Barty - hope you have your style licked, the stick is bigger this year - LMAO

[email protected]


----------



## barty b (Dec 31, 2004)

Black Beard said:


> Barty - hope you have your style licked, the stick is bigger this year - LMAO


I think I just got called out


Bring one of the 545 sides, I still want it. And let me know so we can fish together...maybe I can show YOU something for a change


----------



## Black Beard (Jan 25, 2001)

barty b said:


> I think I just got called out
> 
> 
> Bring one of the 545 sides, I still want it. And let me know so we can fish together...maybe I can show YOU something for a change



Dream on Dude!!!! LMAO

One is in the bag


----------



## Sea Level (Nov 20, 2005)

Black Beard said:


> Yep, just found two that will fit a 555 and 545, you will need to swap the clicker over, otherwise it's a straight swap.
> 
> I will be over in mid November, if you want 'em send an e mail.
> 
> ...


Neil,

I'll take the 555 endplate. I tried sending an e-mail to that effect earlier this afternoon, along with some other thoughts. That was the first message -- you responded to the second I sent. Also if you have an end plate for a 525 knobby I would be most appreciative as well. 

I predict the fishing will be top drawer during your stay.

Cheers,
Jeff


----------



## barty b (Dec 31, 2004)

Black Beard said:


> Dream on Dude!!!! LMAO


I think I've been called out TWICE! 

Most definately, I see one helluva weekend coming...Fishing on saturday, Casting on Sunday!

:beer:CANT WAIT!


----------



## RockhopperUK (Jul 13, 2005)

barty b said:


> I think I've been called out TWICE!
> 
> Most definately, I see one helluva weekend coming...Fishing on saturday, Casting on Sunday!
> 
> :beer:CANT WAIT!


Doctors on Monday

Tom.


----------



## allaroundfishin (May 13, 2006)

Hey barty, you know we got your back bro.


----------



## barty b (Dec 31, 2004)

Thanks allaround..But when it comes to the field and one of "The Drill Sargents" casting sessions, you better have thick skin. He will take everything you THINK you know about distance casting,chew it up,rip your head off and puke it down your neck hole!  It's great fun. No, Seriously,Neil is a wonderful instructor and his love of the sport and willingness to help others better themselves at it is truly admirable. We always have a good time even though he spanks our asses relentlessly.


----------



## Lip Ripper (Dec 8, 2003)

Railroader said:


> Not hard to do at all, I did my 545 in about 10 minutes, and it made it VERY castable. Problem is gonna be finding the parts...Very worthwhile mod if you can get it together.

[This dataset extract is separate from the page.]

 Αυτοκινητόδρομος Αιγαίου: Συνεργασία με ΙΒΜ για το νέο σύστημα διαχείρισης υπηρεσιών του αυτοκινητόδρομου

where did you find your parts? i tried BB but i guess i was too late. i have searched all over the internet, but i dont even know what the parts would be called?


----------



## Black Beard (Jan 25, 2001)

barty b said:


> Thanks allaround..But when it comes to the field and one of "The Drill Sargents" casting sessions, you better have thick skin. He will take everything you THINK you know about distance casting,chew it up,rip your head off and puke it down your neck hole!  It's great fun. No, Seriously,Neil is a wonderful instructor and his love of the sport and willingness to help others better themselves at it is truly admirable. We always have a good time even though he spanks our asses relentlessly.


Barty

Don't think a little sweet talk is gonna save your sorry A$$.

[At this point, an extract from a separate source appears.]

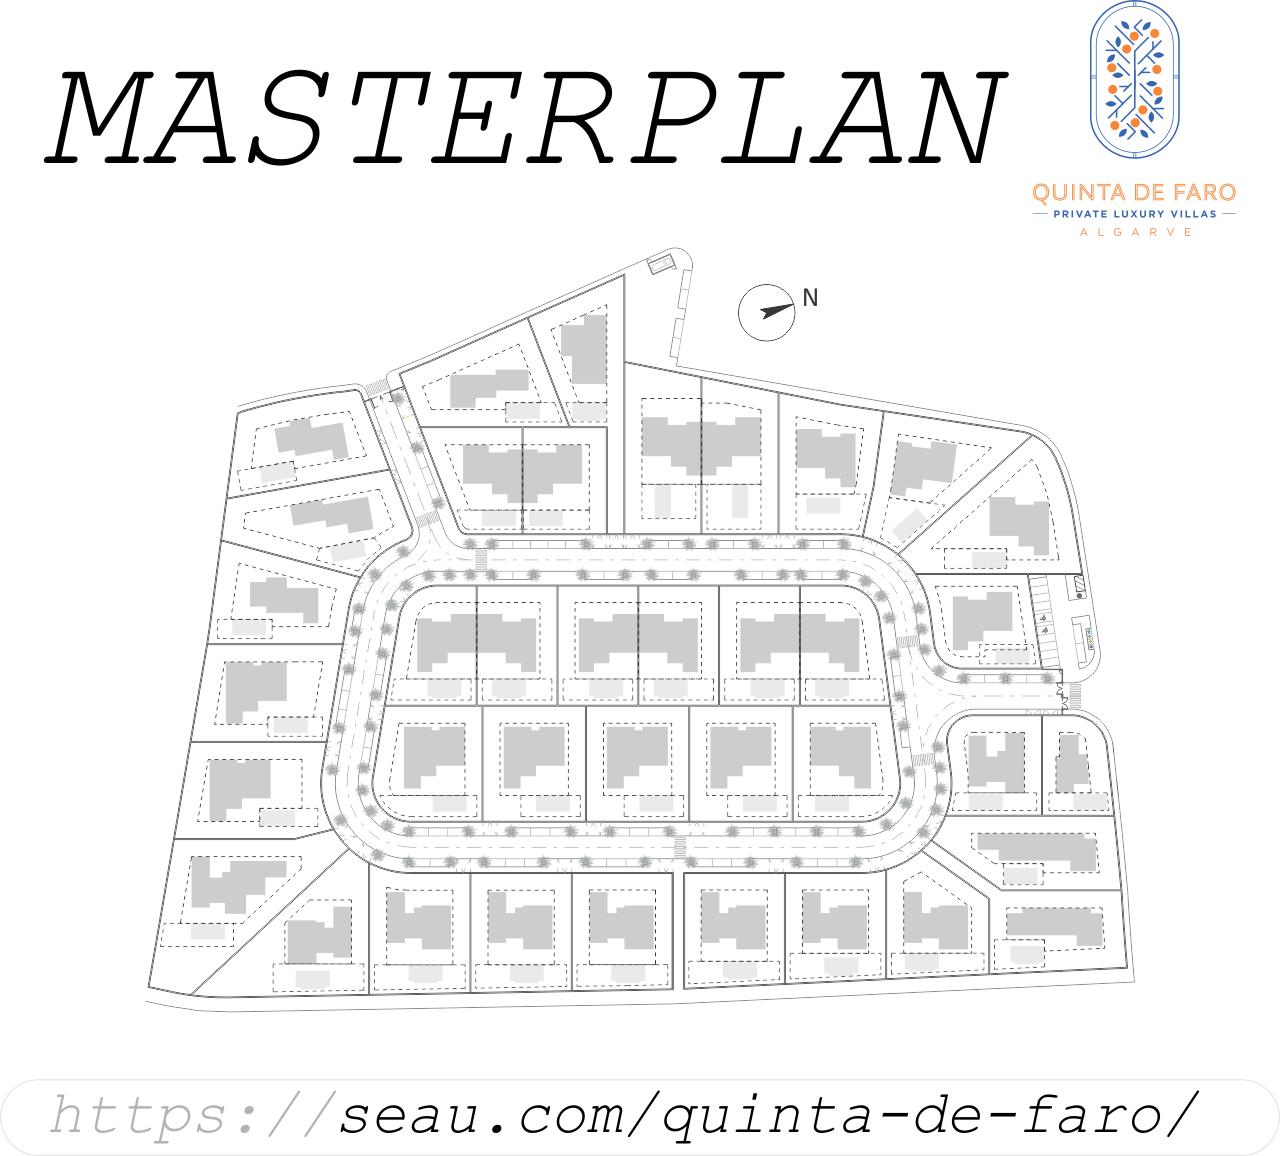 Masterplan Quinta de Faro. Para ver más sobre las áreas de los distintos lotes y diferentes tipos de villas, haga clic aquí.

Oh hell, I am really looking forward to this years trip, so much canon fodder, so many opportunities........

The Drill Sergeant!


----------



## eric (Oct 24, 2007)

the room is getting smaller. and i feel the tension. where is everyone gonna go play this 'trip' ?


----------



## barty b (Dec 31, 2004)

ooeric said:


> the room is getting smaller. and i feel the tension. where is everyone gonna go play this 'trip' ?


Huh?


----------